Inference Scaling for Stochastic Diffusion

Over the past few months, I’ve been diving into a research direction that takes inference-time compute scaling for diffusion models somewhere fundamentally different from where DeepMind has gone. Their approach focuses on deterministic diffusion models and treats inference-time scaling as a search over the initial noise vector, as if the entire generative process hinges on getting that first random sample just right. But that framing doesn’t hold up when you step into the stochastic regime. In stochastic diffusion models, randomness isn’t a one-time deal at the start. It gets injected at every step of the denoising process. The result? The final sample isn’t just determined by where you start, it’s shaped by the entire trajectory the model takes through denoising space. So optimizing only over initial noise is like trying to steer a rocket by tweaking the launch angle and ignoring all mid-course corrections. What I’ve been exploring is this: inference-time compute scaling for stochastic diffusion models shouldn’t be framed as a search over initial noise vectors. Instead, it should be framed as a search over denoising trajectories. That shift in perspective changes everything. It acknowledges the true degrees of freedom in the system. It’s harder computationally, but the payoff is real. Instead of being locked into a narrow slice of the outcome space, trajectory-based search opens up far more expressive possibilities.
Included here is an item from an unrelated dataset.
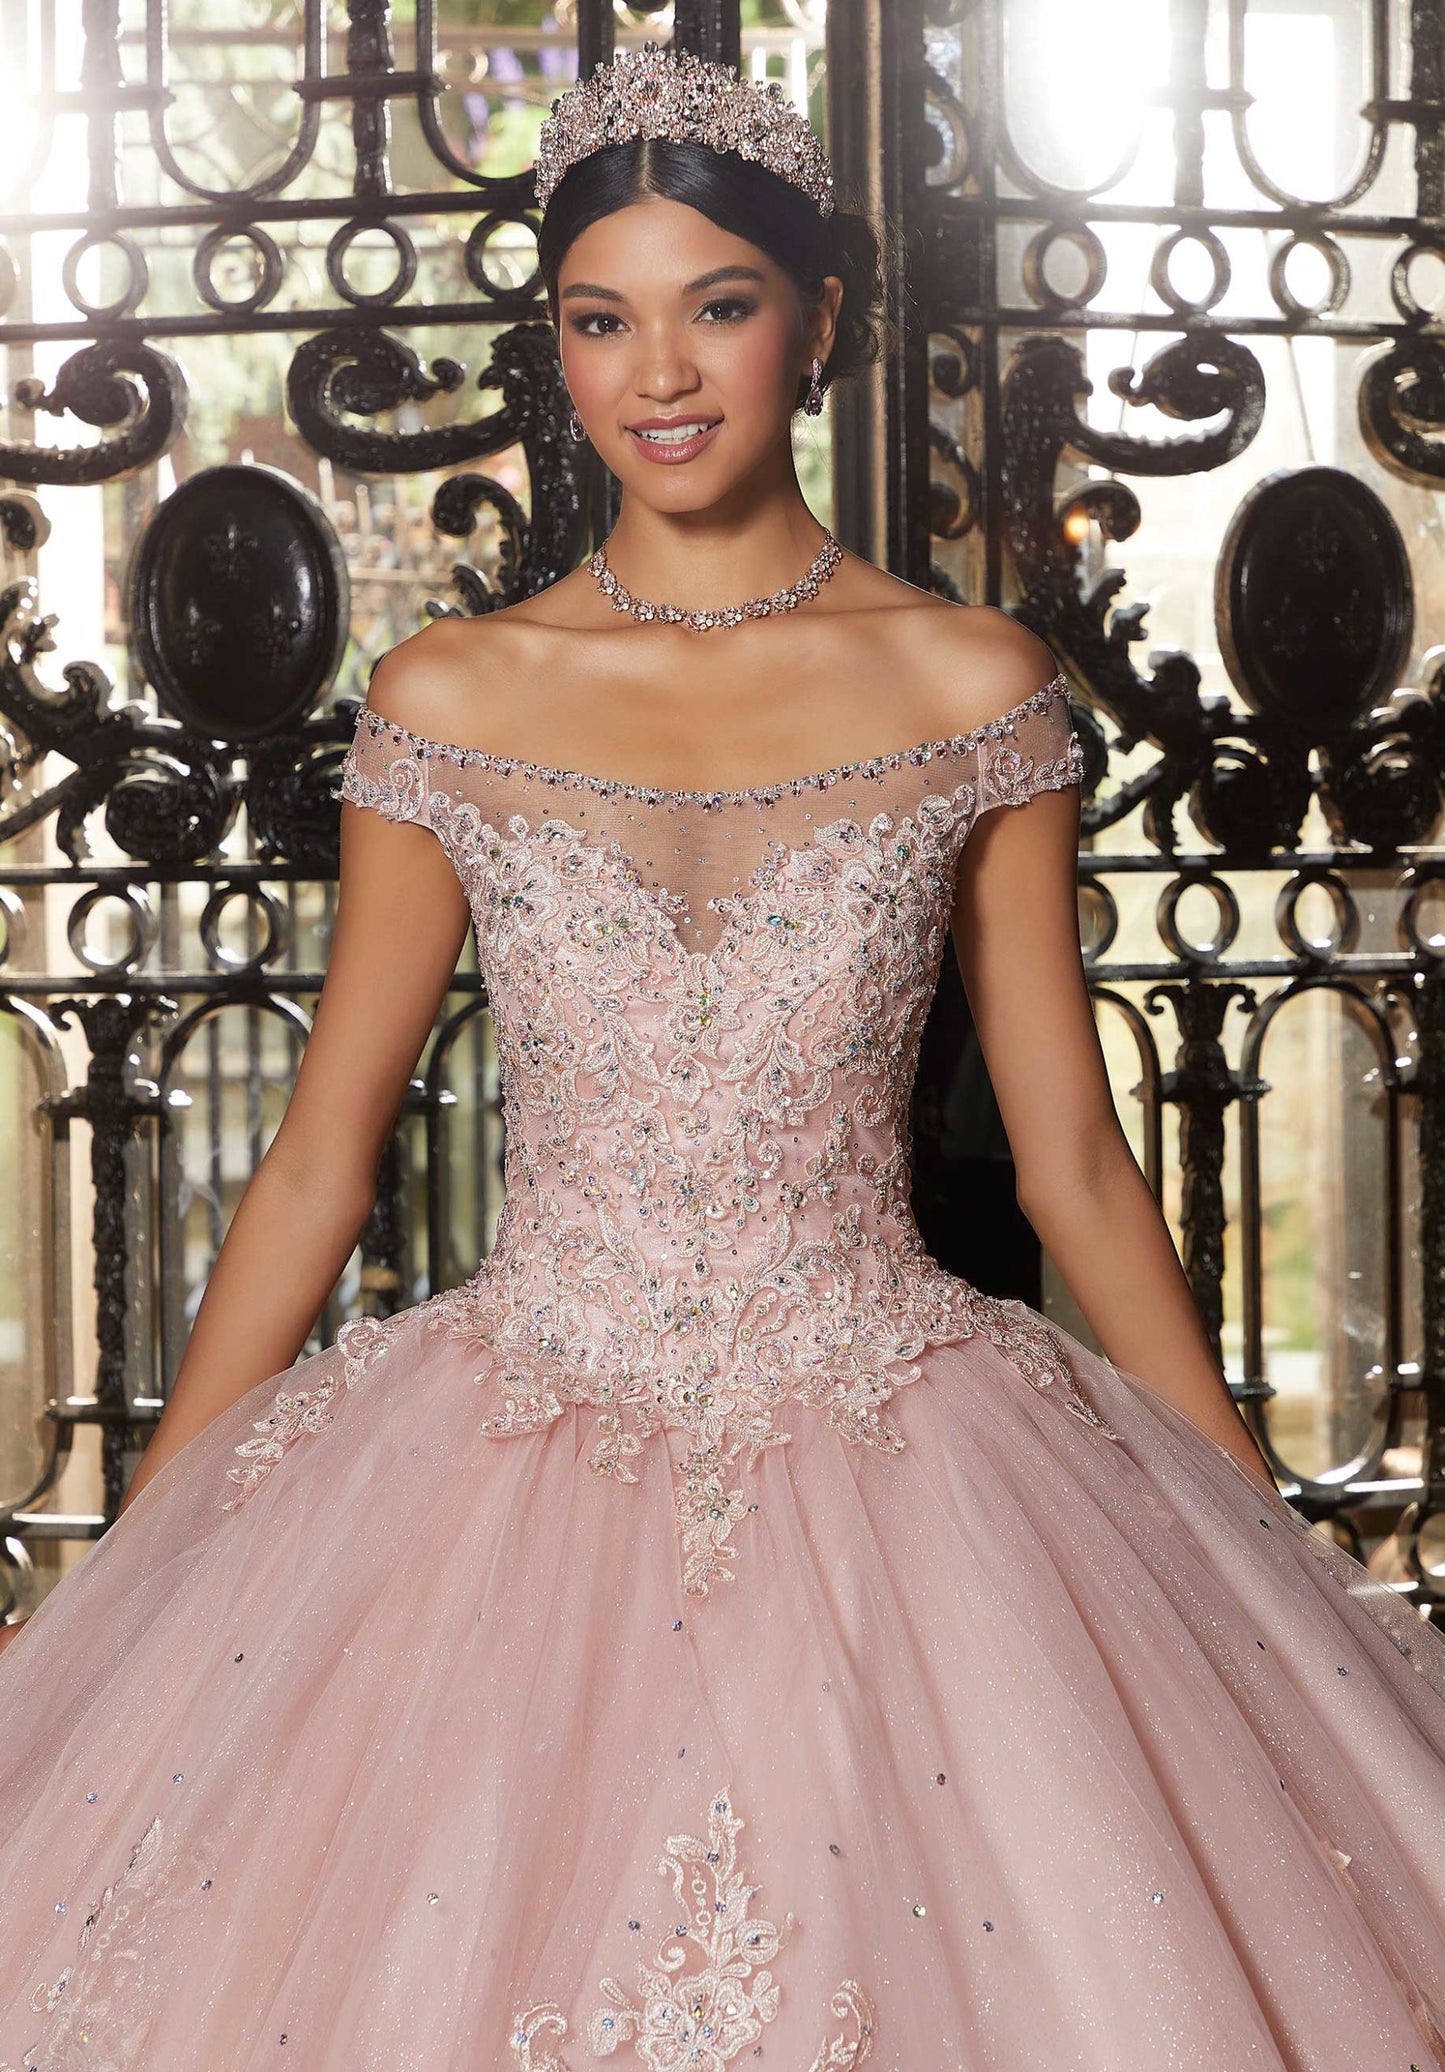 Sparkle Net Quinceañera Dress with Jeweled Edging #89340

Multiple trajectories can land you in semantically different, yet equally plausible regions of the output space. That makes it not just more powerful, but more useful, especially when you care about conditioning, controllability, or aligning with task-specific goals. This has led to a few ideas I want to push further: One, a formal comparison between noise space and trajectory space. What’s actually gained in terms of dimensionality, expressiveness, or alignment capability? Two, could we design and demonstrate trajectory-space search algorithms, even in simplified settings, that outperform initial-noise search with less proportional coverage? That would be a strong empirical signal. Three, maybe the most ambitious one: if trajectory space really is this rich, it might be possible to prove that inference in diffusion models, especially for text, is more scalable than autoregressive LLM inference.